= Family Court of Australia attacks =

Series of shootings and bombings from 1980 to 1985

The Family Court of Australia attacks were a series of shootings and bombings in New South Wales, Australia from 1980 to 1985. They targeted judges and other people associated with the Family Court of Australia. Two people were shot dead, two killed by bombs, a court building was damaged by a bomb, and another bomb was found attached to a motor vehicle. In July 2015, Leonard John Warwick was arrested and charged with multiple offences, including four counts of murder, one of attempted murder, and 13 counts of burning or maiming with an explosive substance. In July 2020, Warwick was found guilty of the majority of the offences he was charged with, including three of the murders. He was found not guilty of the murder of Stephen Blanchard, his brother-in-law. Warwick died in prison on 14 February 2025.

== Attacks ==
The attacks are considered to have begun on 22 February 1980, when Stephen Blanchard was shot dead in his home. His body was found six days later on the opposite side of Sydney in Cowan Creek on the Hawkesbury River. No one has been found guilty of Blanchard's shooting, though convictions were made for the three subsequent related murders.

On 23 June 1980, Family Court judge David Opas was shot outside his home. He died later that night in hospital.

On 6 March 1984, judge Richard Gee, who had taken on Opas' cases after his death, was injured by a bomb at his Belrose home. On 14 April 1984, the Family Court building in Parramatta was bombed without any injuries.

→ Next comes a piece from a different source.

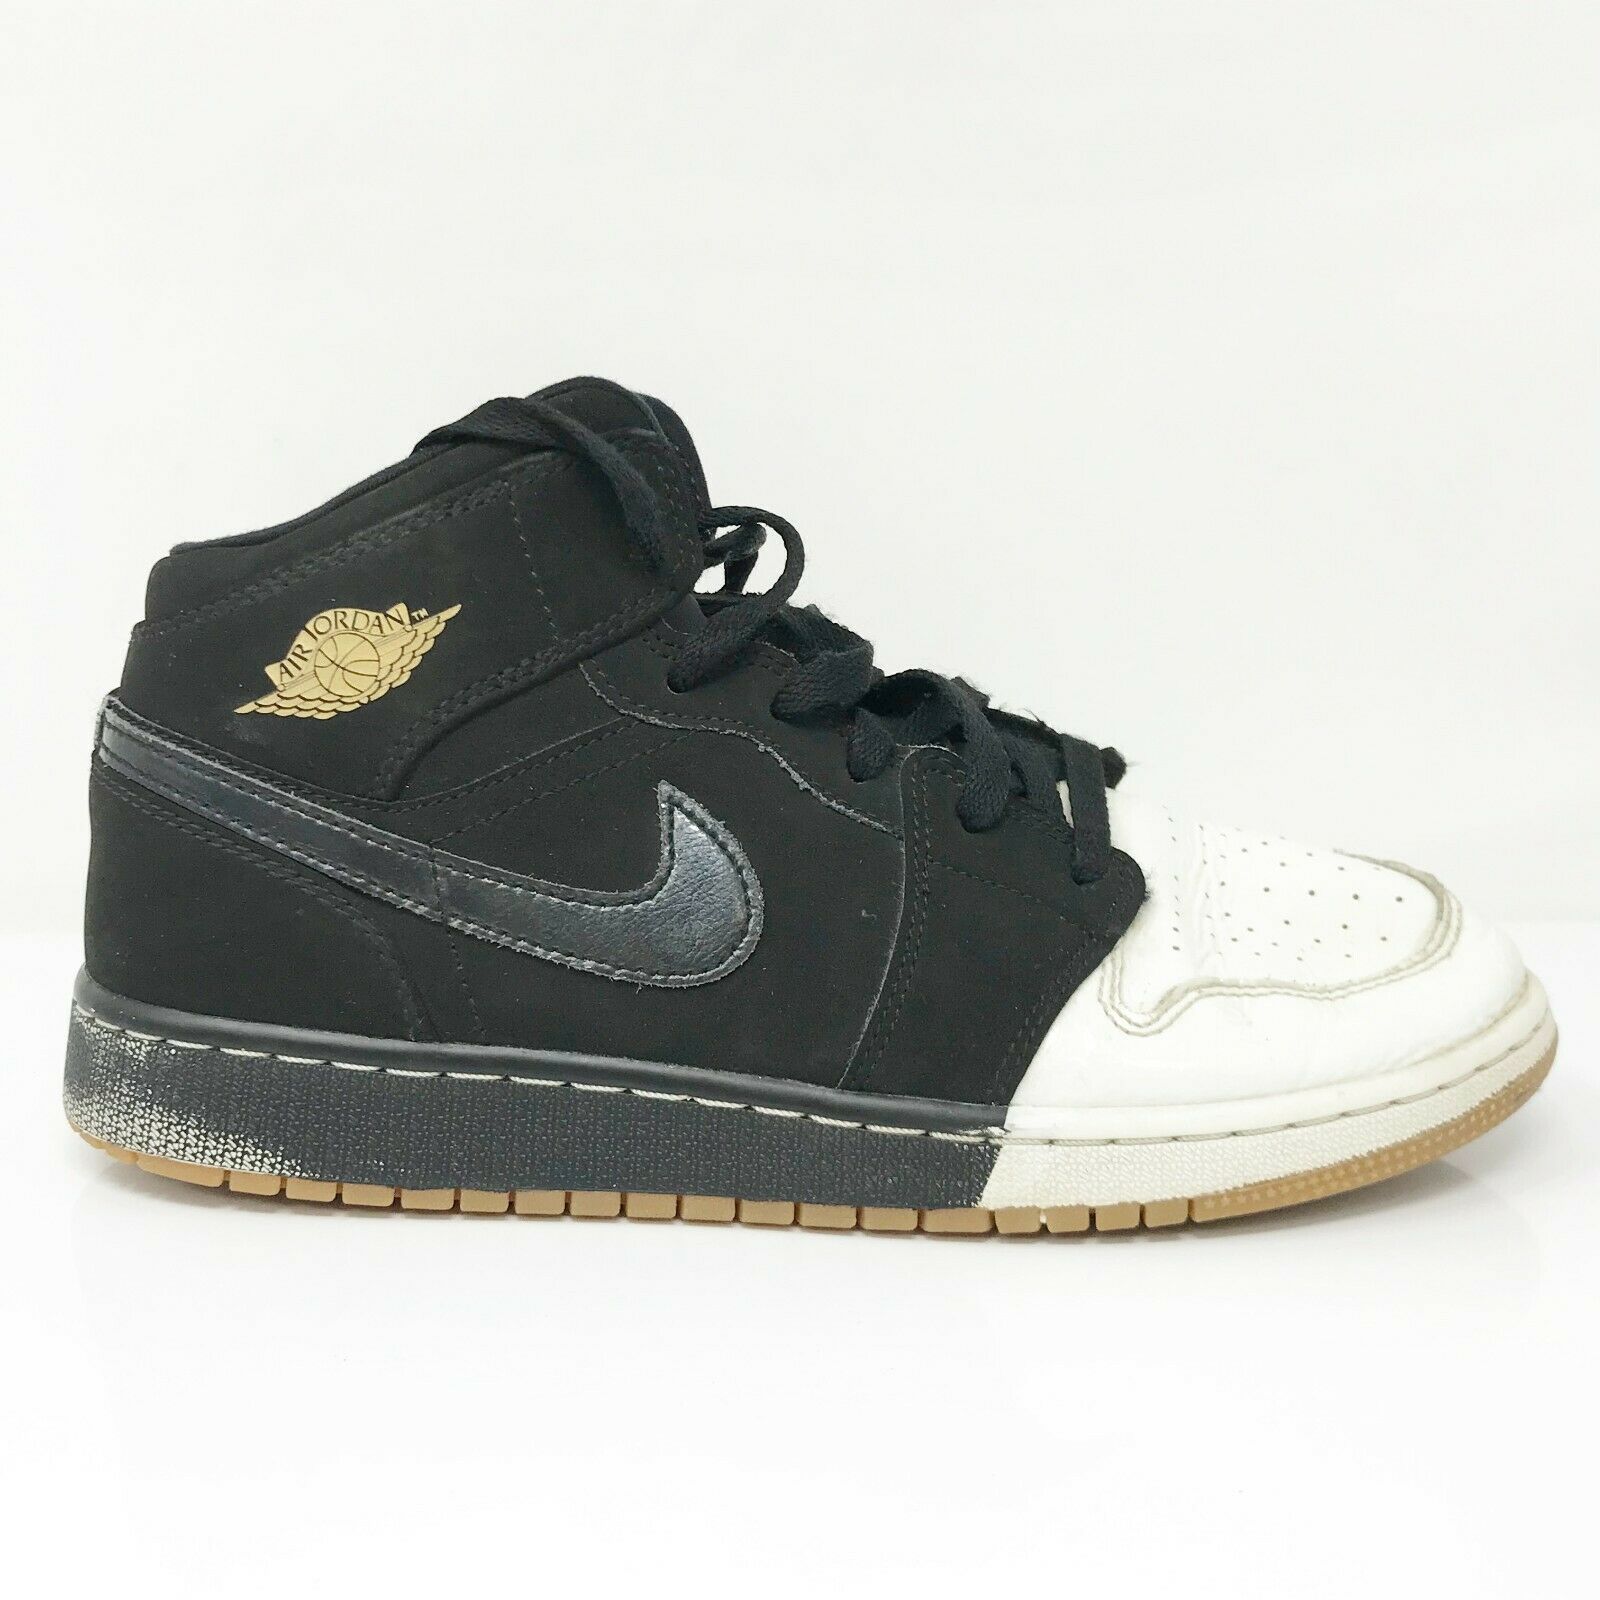 Nike Boys Air Jordan 1 Mid 555112-021 Black White Basketball Shoes Lace Up Sz 7Y

On 4 July 1984, Pearl Watson, the wife of Family Court judge Ray Watson, became the first fatality of the bombing campaign when she opened the door of their unit in Greenwich, triggering an improvised explosive device on the doorstep. Judge Watson is believed to have been the target but was only injured. Like Richard Gee, Watson had taken on some Family Court cases from his predecessor after Gee had been injured in the March 1984 bombing.

Then, on 21 July 1985, Graham Wykes, a Jehovah's Witness minister was killed and another 13 people injured when their Casula Kingdom Hall was bombed.

Also in 1985, an unexploded bomb was found in Northmead under the bonnet of a car. The address was formerly that of a solicitor who acted for a woman in a Family Court case. His name was still listed at that address in the phone book.

The attacks were once considered an unsolved mystery of Australian crime. In 1984, a reward was offered for information but was never claimed.

== Investigations ==
There were two coronial inquests into the attacks. The first was held in 1986 at Glebe Coroner's Court investigating the death of Graham Wykes. The second was held in 1987 by Kevin Waller into the death of Pearl Watson. Waller recorded an open verdict, expressing frustration and disappointment that insufficient evidence had been found to charge the main suspect who had been connected in some way to all of the victims.

In 2012, the State Crime Command's homicide squad restarted an investigation into the crimes.

== Trial and sentencing of Leonard Warwick ==
On 29 July 2015, 68-year-old Leonard John Warwick, the brother-in-law of the first victim Stephen Blanchard, was arrested at Campbelltown, New South Wales. He was charged with 32 offences, including four counts of murder, one of attempted murder, and 13 counts of burning or maiming with an explosive substance.

Warwick appeared in Campbelltown Local Court on 30 July 2015. The case was adjourned to 6 August at Central Local Court. At the August hearing, he did not appear and did not apply for bail. Bail was formally refused and he was held until the next hearing in October.

Warwick had been a "person of interest" in the original investigation. Warwick was remanded in custody until 10 February 2017. Warwick pleaded not guilty to all charges on 2 March 2017, and the judge, Justice Garling, set a trial date of February 2018. The trial commenced in May 2018 before Justice Garling without a jury. There were several delays and adjournments to proceedings, with Warwick having no money for legal representation in February 2019 and his legal aid representatives withdrawing from the case in June 2019 after Warwick claimed his public defender had "bullied" him.

Warwick's 23-month trial was concluded on 6 April 2020, with the verdict pending. Justice Garling noted, "I can inform the parties that it will take a considerable period of time." On 23 July 2020, Warwick was found guilty of all offences for which he was charged, except for the shooting of his brother-in-law Stephen Blanchard.

On 3 September 2020, Leonard Warwick was sentenced to life in prison without the possibility of parole. During sentencing proceedings, Supreme Court Justice Peter Garling said that Warwick's crimes "cannot be viewed as anything other than an attack on the very foundations of Australian democracy". Warwick died in prison on 14 February 2025.

==Media==
The case was covered by Casefile True Crime Podcast on 2 April 2016.